Fête de la Science 2013 : Jour 5

Mosaïques : DossiersScience

dimanche 13 octobre 2013

Dernier jour de la fête de la science, je me sens raplapla et je suis bien fatigué. Malade depuis bien deux semaines déjà, la guérison tarde à se manifester. Je renonce donc à parcourir la région de Lyon par monts et par vaux. Je propose alors de revenir sur la soirée-débat de jeudi dernier, plus précisément sur l’implant cochléaire.

Pour ceux qui ne connaissent pas, cette technologie de récupération auditive est composée de deux parties. Une externe, le microphone (1) qui capte les sons et les transforme en signaux électriques. Ceux-ci sont transmis jusqu’à l’émetteur (2) posé à même la peau, près de l’oreille. Les signaux sont ensuite communiqués vers la partie interne, de l’émetteur vers le récepteur situé sous la peau. Ces deux éléments sont aimantés, ce qui permet le maintien de l’émetteur sur la peau. Les signaux continuent à être acheminé du récepteur vers la cochlée (3) via un fil électrique dont l’extrémité est enroulée dans la cochlée et sur lequel sont placées des électrodes. Ces dernières activent le nerf auditif (4) qui transmet les informations vers le cerveau.

Schéma d’un implant cochléaire présent dans l’oreille

[Source image]

Ouf, dis comme ça, c’est assez complexe. En fait, il s’agit davantage de neuroprothèses auditives que de « simples » amplificateurs. Le cerveau doit travailler pour reconnaître les sons car il n’y a qu’une vingtaine d’électrodes (pour les dernières générations) contre des milliers de cellules ciliées dans la cochlée. Quelles sont les conséquences au niveau du cerveau ? C’est ce qu’étudie l’équipe de recherche de Pascal Barone (CNRS / Université Toulouse III) via l’imagerie cérébrale.

Je ne vais pas expliquer en détail les résultats qui le sont déjà sur cette page du CNRS : Vicariance sensorielle, plasticité cérébrale et implant cochléaire.
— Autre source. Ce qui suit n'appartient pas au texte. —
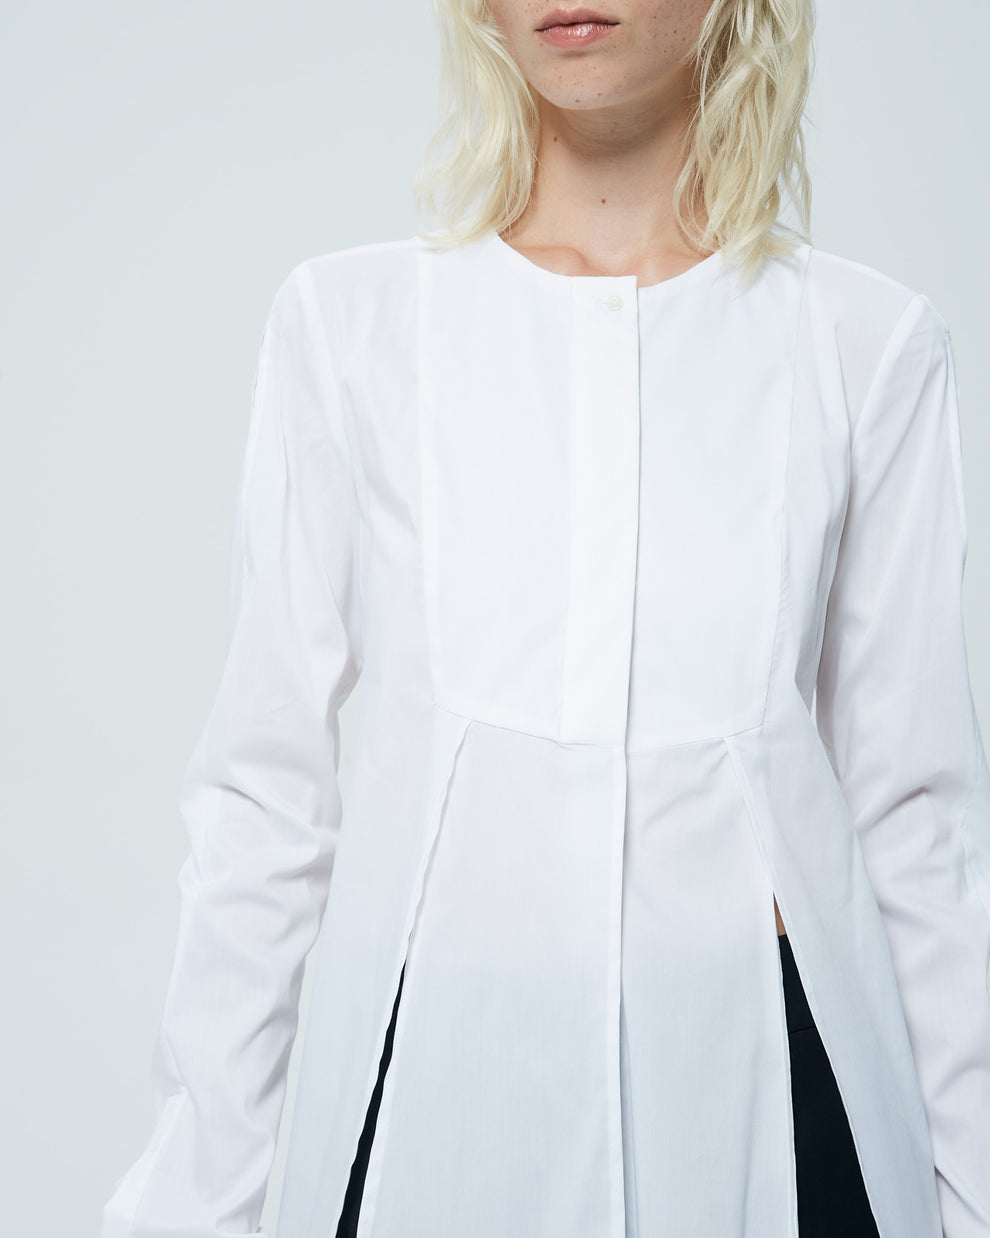 Shirt dress with slits white
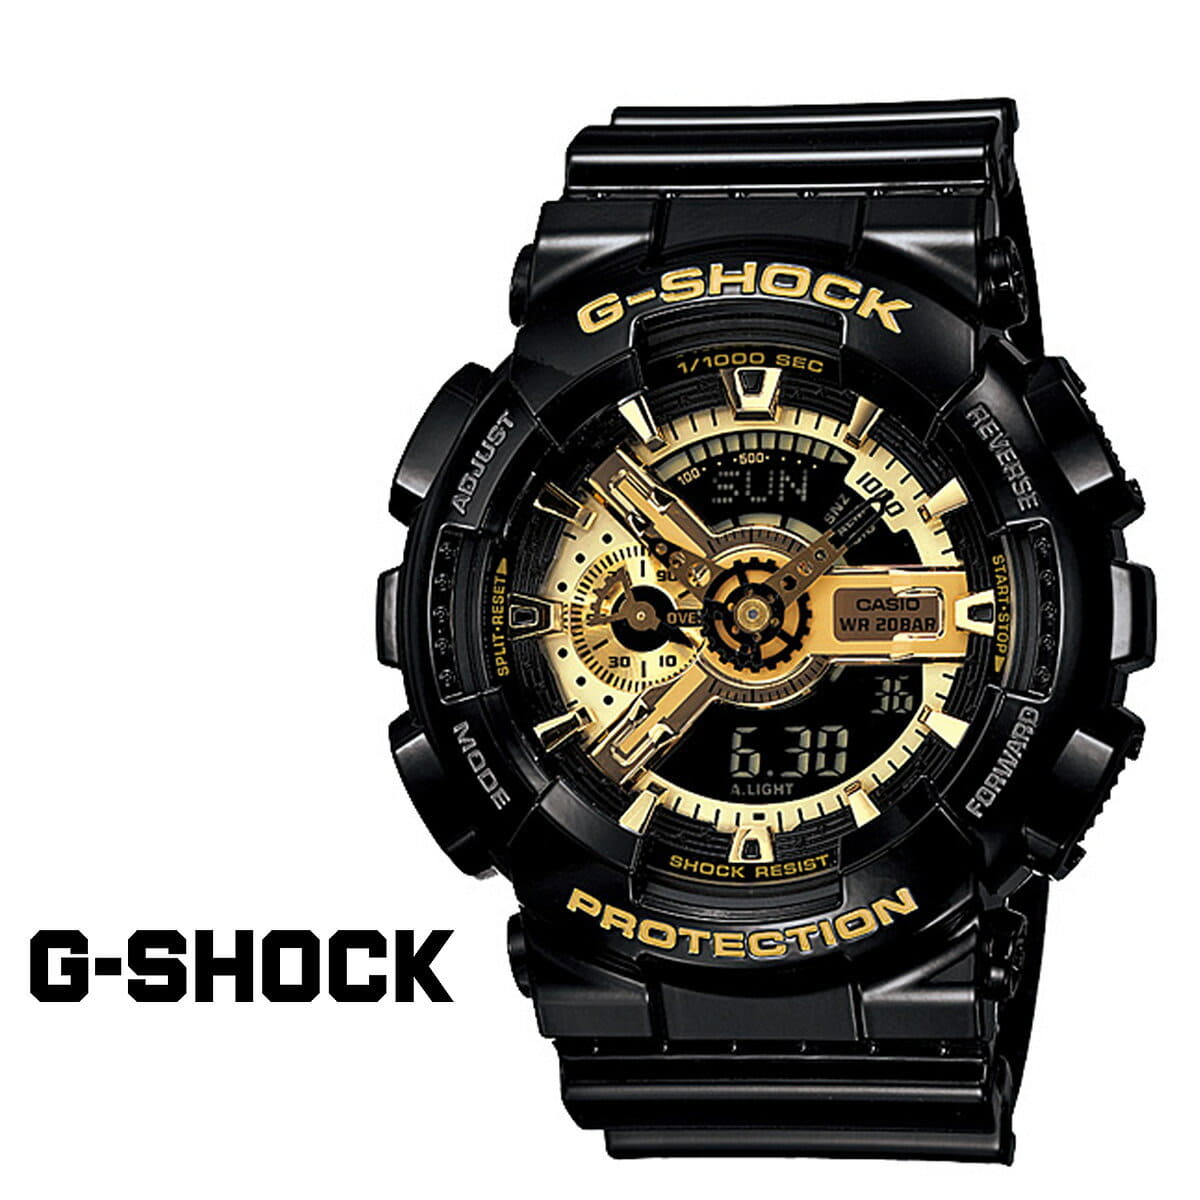 New]CASIO G-SHOCK Casio watch GA-110GB-1AJF BLACK GOLD SERIES G

En gros, des interactions se mettent en place entre les aires auditives et les aires visuelles lors de la compréhension de la parole. Celle-ci passe par l’audition via l’implant cochléaire mais aussi par la lecture labiale via la vue. Donc contrairement à ce qui été largement diffusé dans le milieu spécialisé, il est essentiel de travailler aussi bien l’audition que la lecture labiale chez les personnes implantées, quel que soit leur âge.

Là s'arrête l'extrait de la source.